» **TASK INPUT**
* * * *
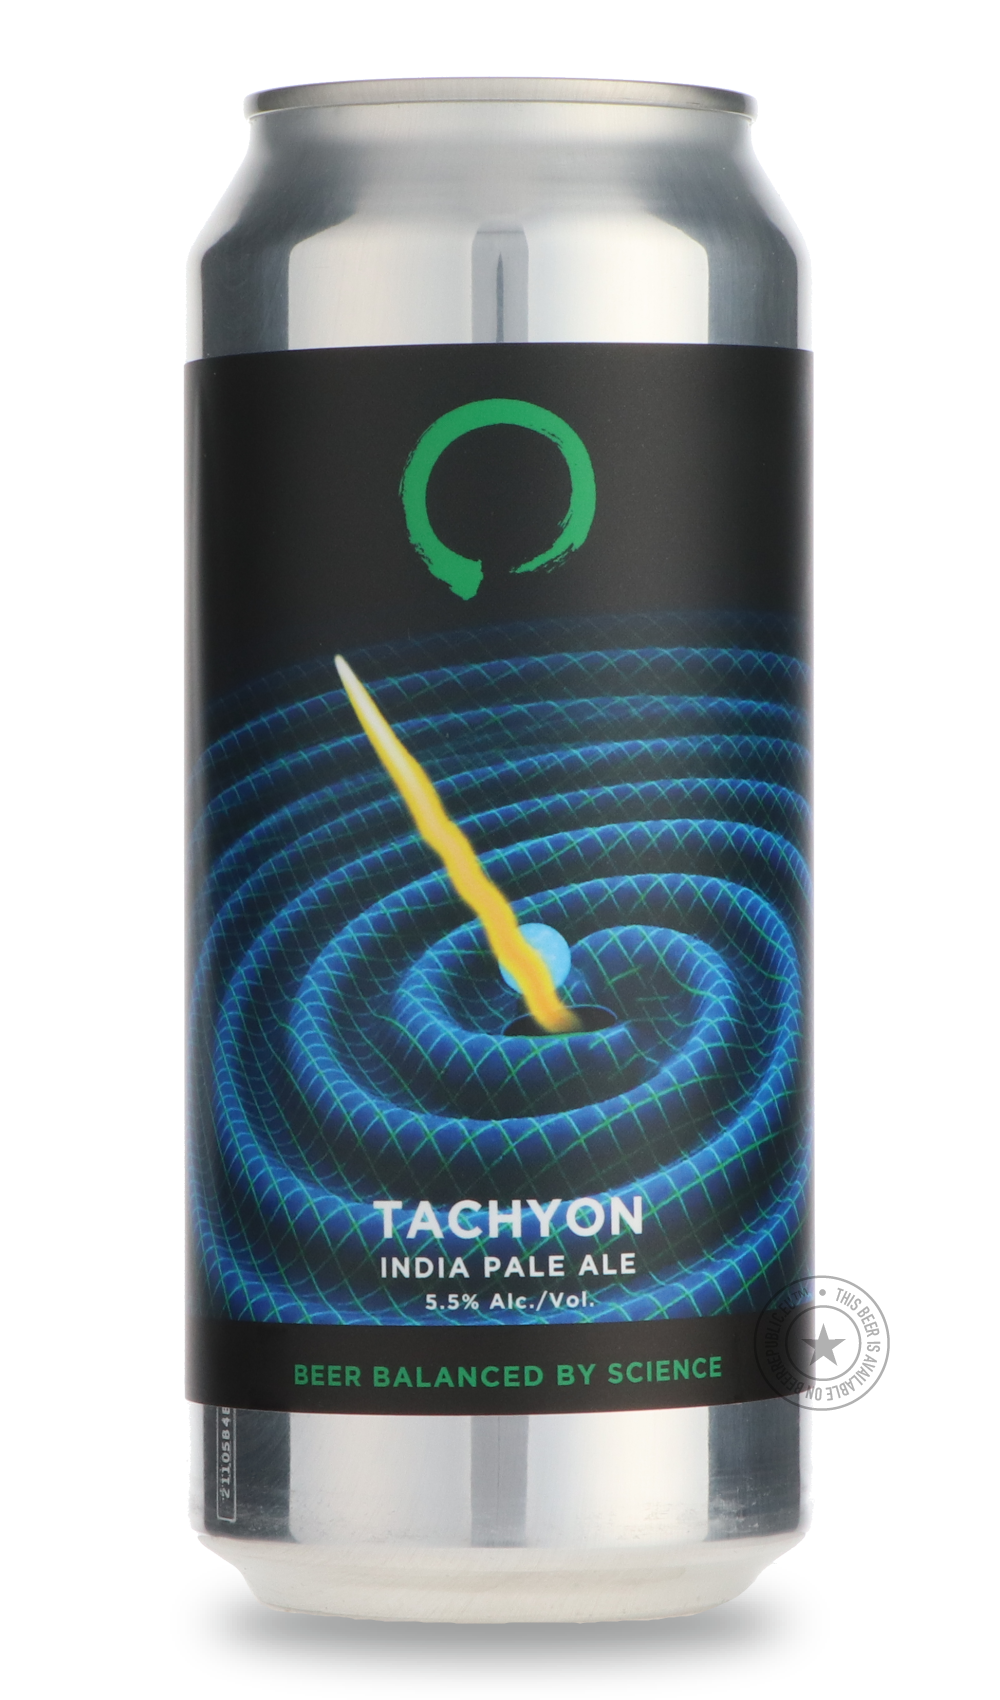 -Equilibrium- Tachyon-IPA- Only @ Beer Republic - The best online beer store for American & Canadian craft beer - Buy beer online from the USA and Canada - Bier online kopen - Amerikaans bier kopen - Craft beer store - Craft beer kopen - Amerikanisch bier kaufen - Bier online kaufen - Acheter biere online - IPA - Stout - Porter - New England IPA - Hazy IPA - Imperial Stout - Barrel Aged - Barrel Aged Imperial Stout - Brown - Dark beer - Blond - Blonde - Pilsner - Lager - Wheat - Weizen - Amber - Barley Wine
* * * *
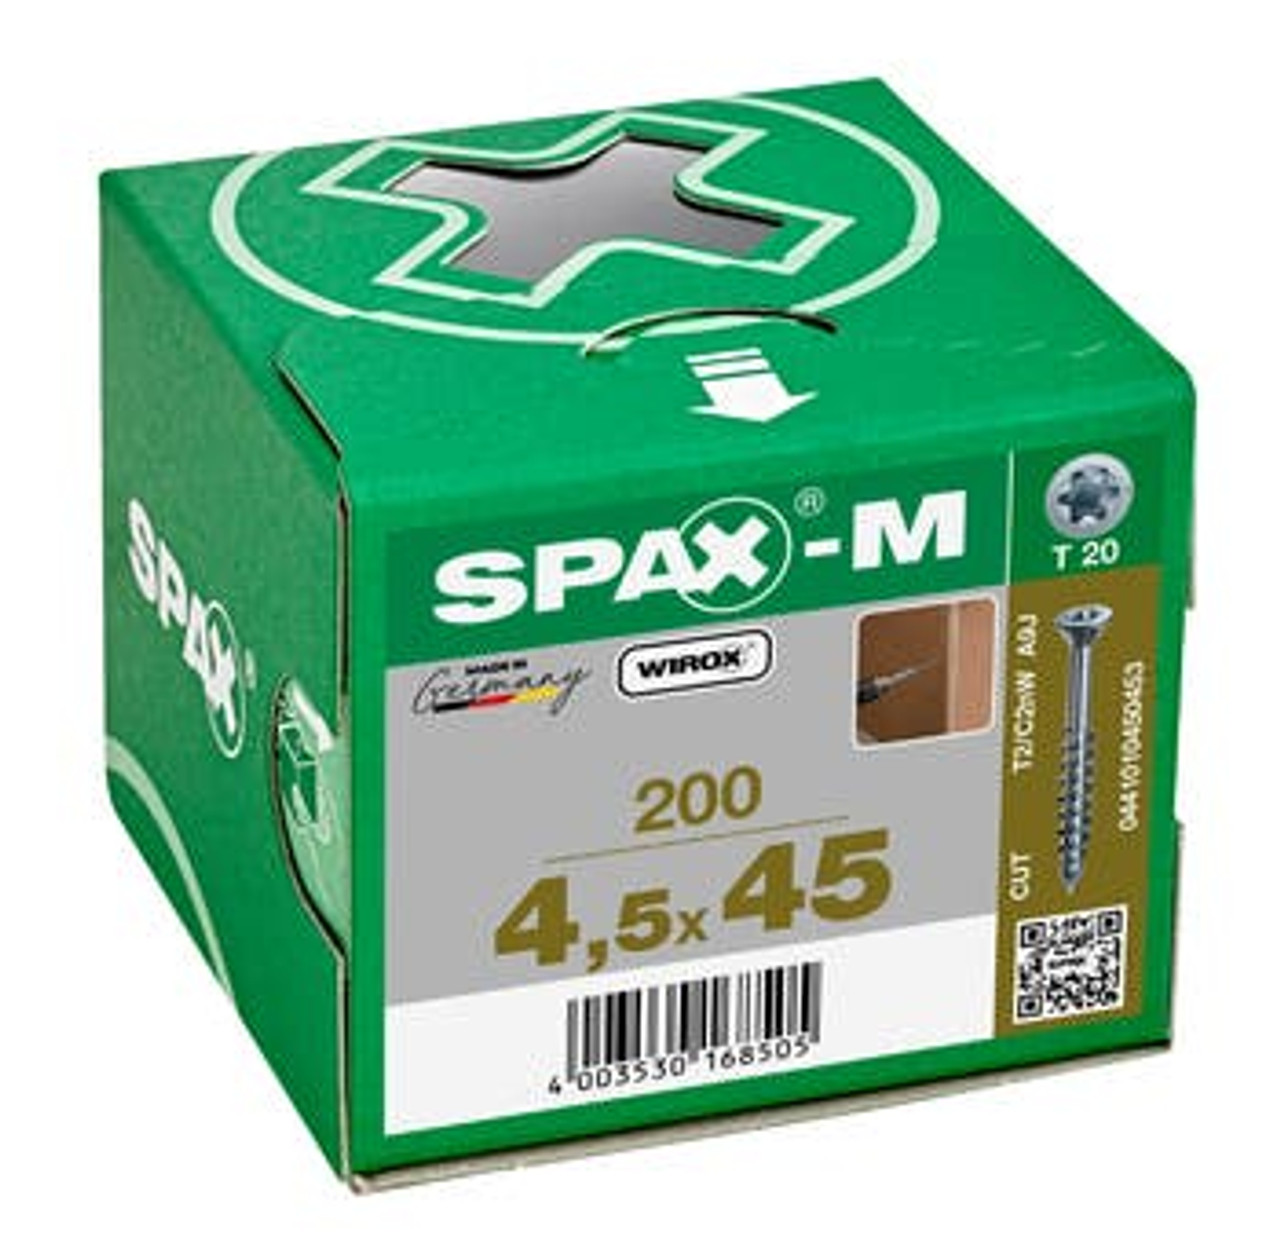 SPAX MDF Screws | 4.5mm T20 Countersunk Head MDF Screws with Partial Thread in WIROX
* * * *
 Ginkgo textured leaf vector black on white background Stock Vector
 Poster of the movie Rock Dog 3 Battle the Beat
* * * *
» **WHAT IS BEING ASKED**
Starting at the line that contains "Ginkgo textured leaf" and stopping after the line that contains "Poster of the", write out every line exactly as it appears above, and no other line.

» **ANSWER SPACE**
 Ginkgo textured leaf vector black on white background Stock Vector
 Poster of the movie Rock Dog 3 Battle the Beat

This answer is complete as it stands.